Aim of the exercise:
Should a picture appear anywhere in the data, omit it and copy everything else exactly.

Data section:
━━━━━━━━

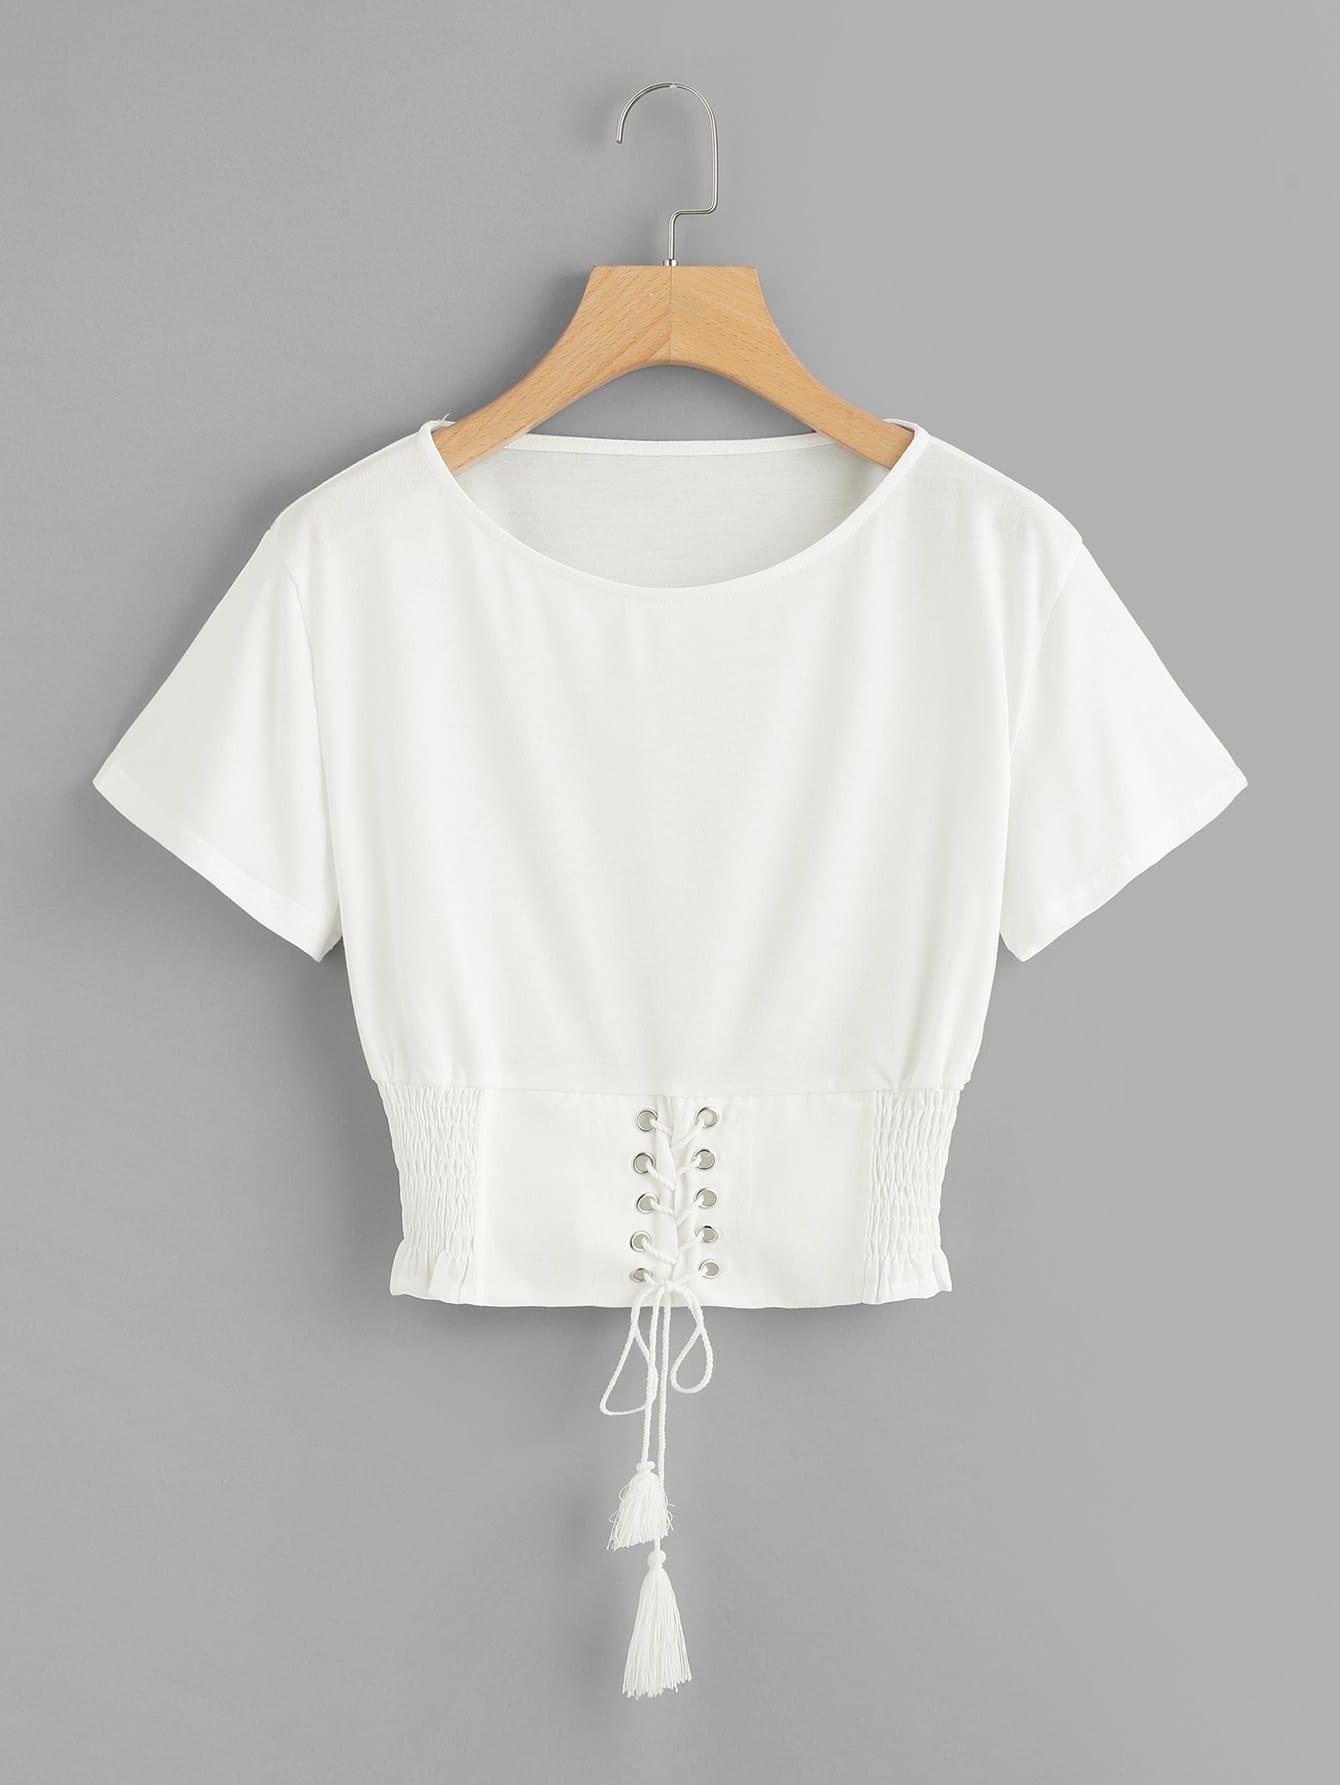 Corset Lace Up Detail T-shirt camouflage lace up t shirt
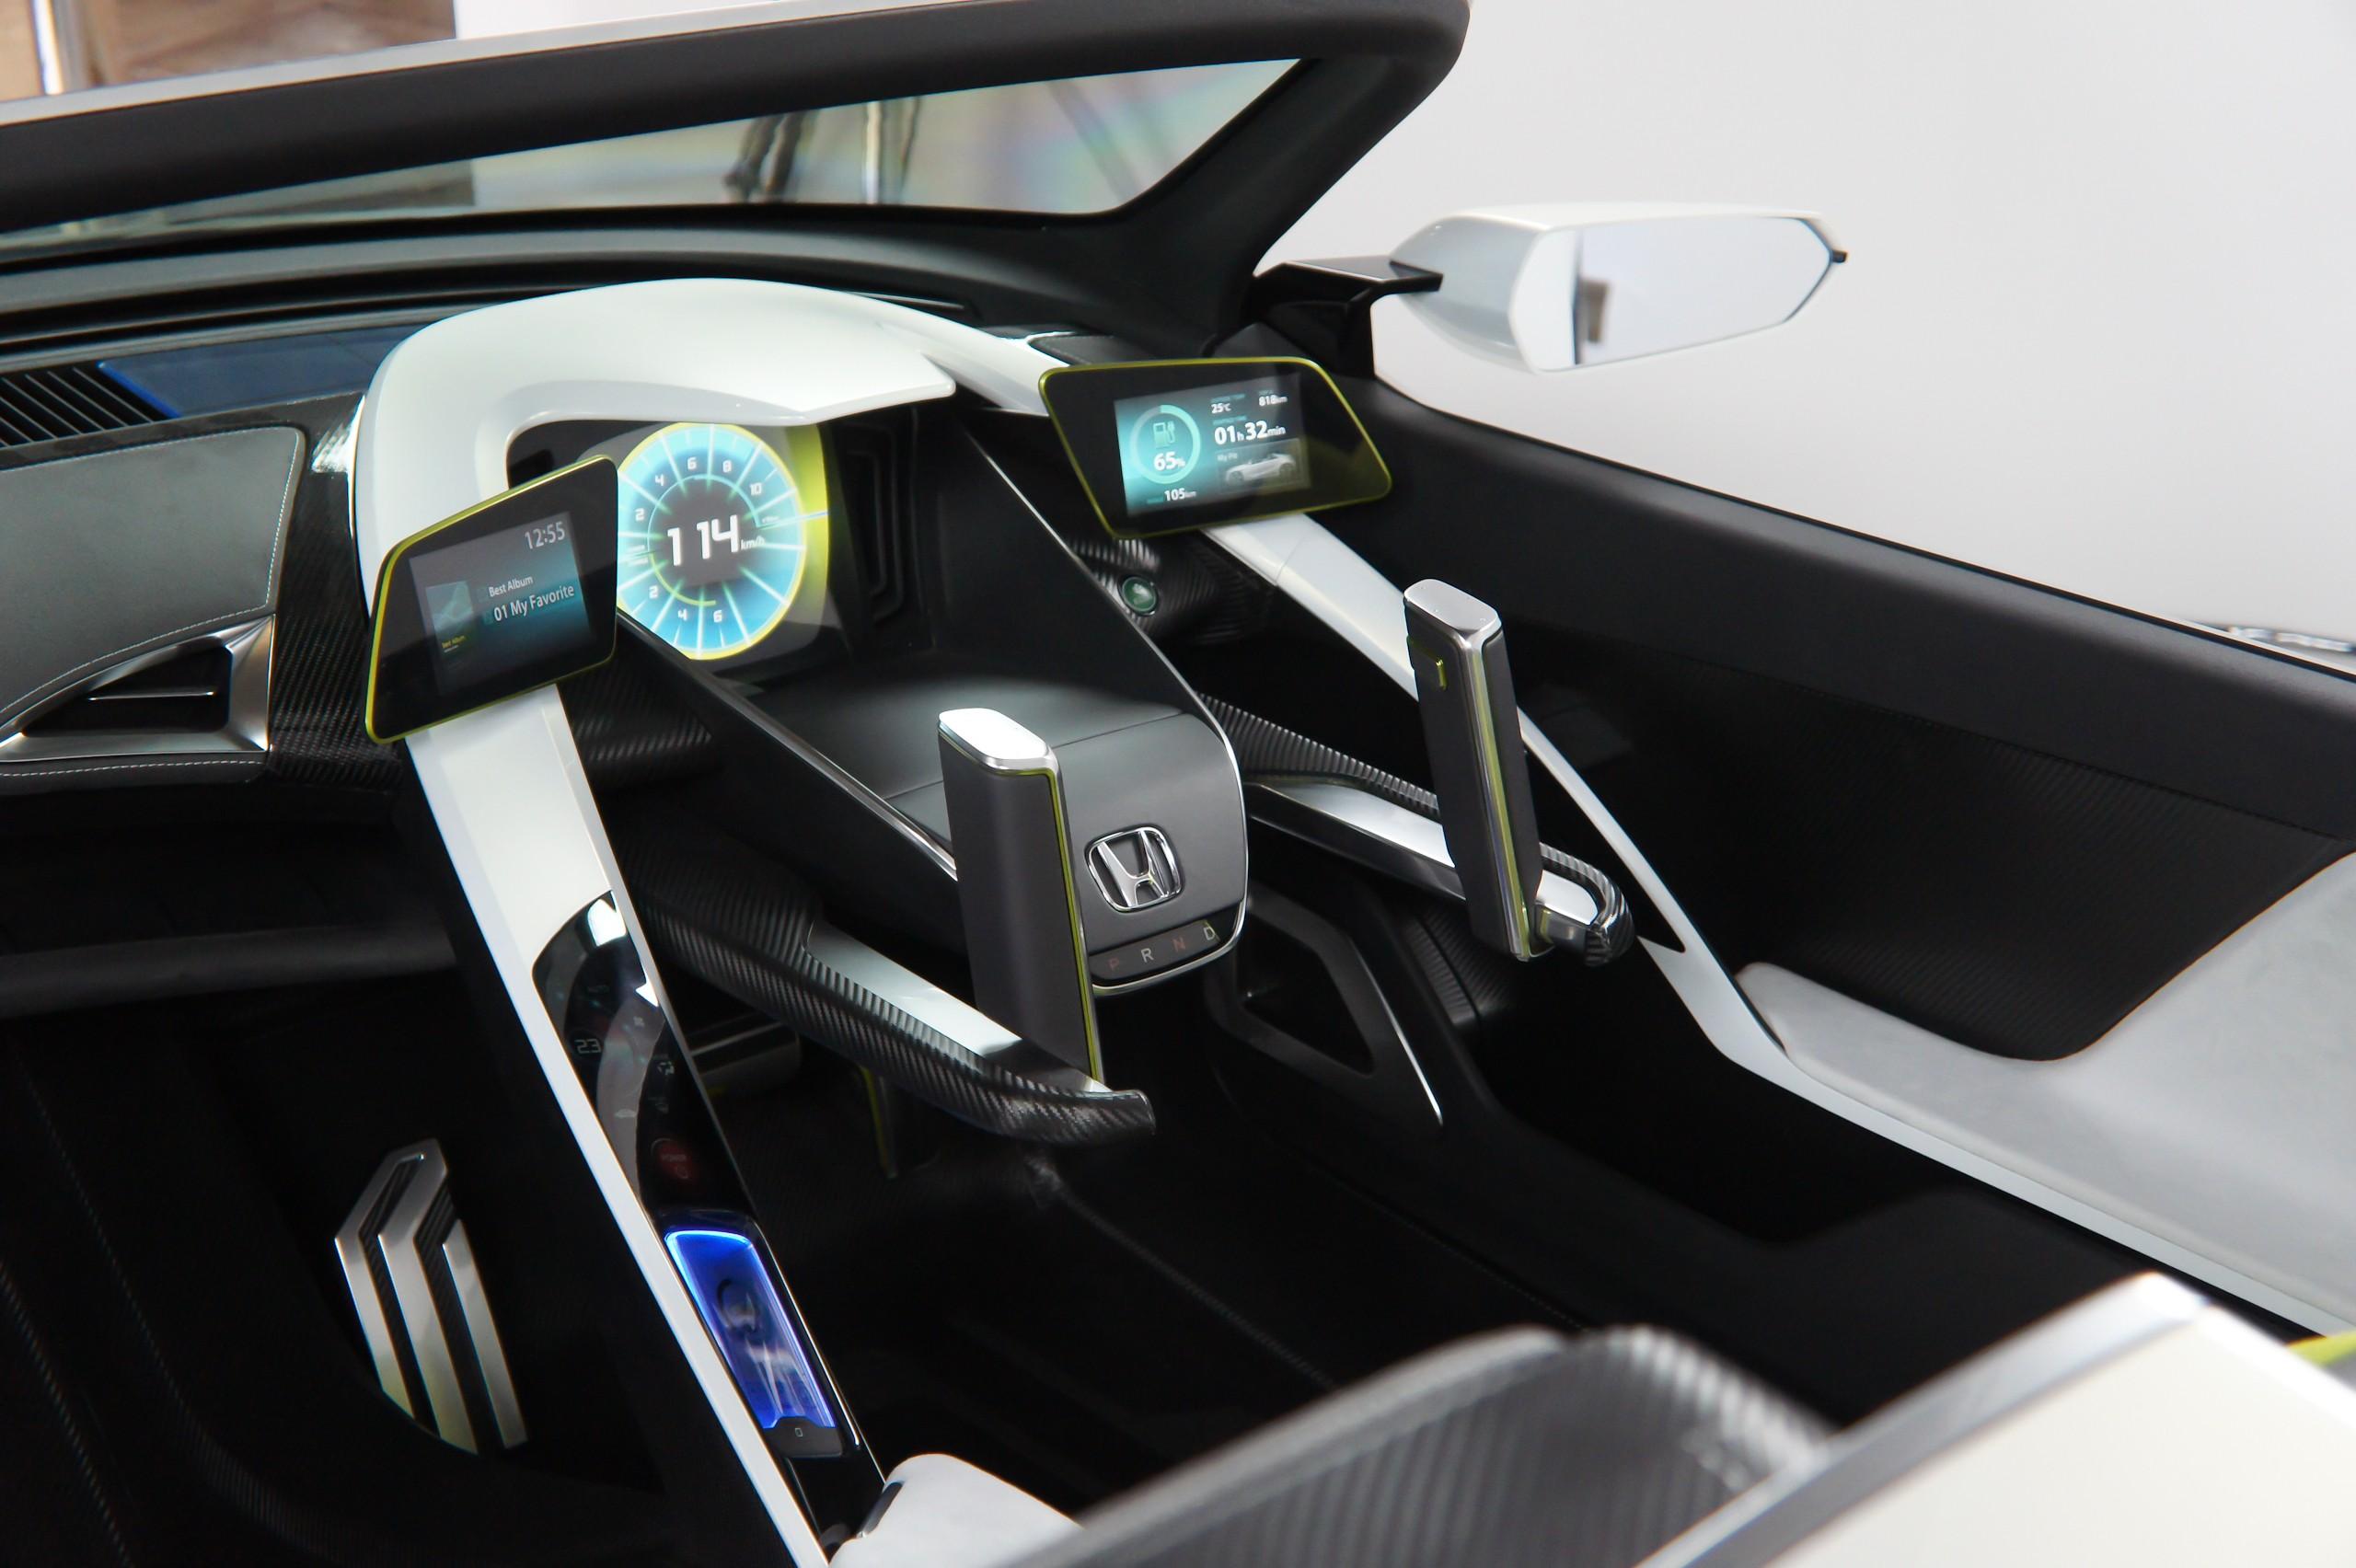 File:Honda EV-STER cockpit 2012 Tokyo Auto Salon.jpg - Wikimedia ... | {Auto cockpit 13}
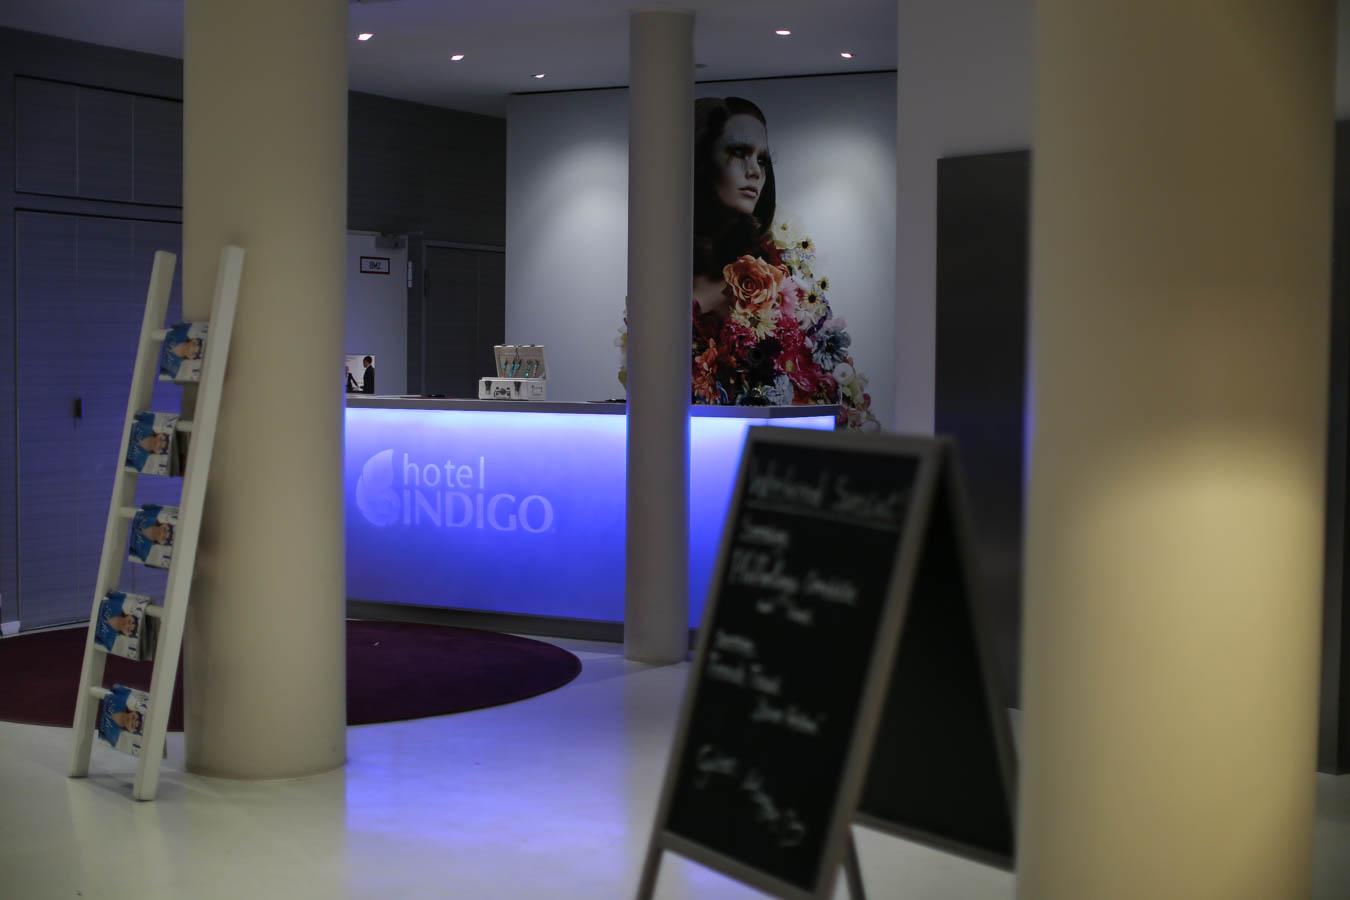 Indigo Hotel Düsseldorf

━━━━━━━━

Written solution:
 Corset Lace Up Detail T-shirt camouflage lace up t shirt
 File:Honda EV-STER cockpit 2012 Tokyo Auto Salon.jpg - Wikimedia ... | {Auto cockpit 13}
 Indigo Hotel Düsseldorf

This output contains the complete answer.